I've had this book for years and reread many times the parts I particularly admired, but I read it through again before writing this. The bits I remembered were the ones that made me feel as if the author had been watching me, but I had forgotten about some of the more humorous parts: plant communities of railway stations, sectarian violence among cactus fanciers, revisionist history of dahlias.
The writing conjures up so many visions, it needs no illustrations, but Josef Čapek's Thurber-esque line drawings are perfectly in tune. I especially like the redesigned gardener, and the flowery aroma of manure.
Karel Čapek was best known as a science fiction writer - maybe he got his best ideas for fiction while puttering in the garden.
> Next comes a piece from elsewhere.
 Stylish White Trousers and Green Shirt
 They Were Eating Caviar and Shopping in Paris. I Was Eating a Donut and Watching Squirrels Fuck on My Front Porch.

He certainly seems to have spent a great deal of observant time there. What a pity he didn't get the eleven hundred years of life he calculated every gardener needs in order to really know gardening.
I mentioned that I've had this book for many years. It came to me via Garden Design magazine, when they used to publish excerpts from garden books they thought should be more well-known. I read from The Gardener's Year - I think the part about the blessed rain - and had to track down the book. I used to pester my non-gardening husband, reading aloud to him from this book, but then I discovered blogging. It's only for fear of becoming monotonous that I haven't quoted more from it.
Thanks, Carol, once again, for hosting the Garden Bloggers' Book Club.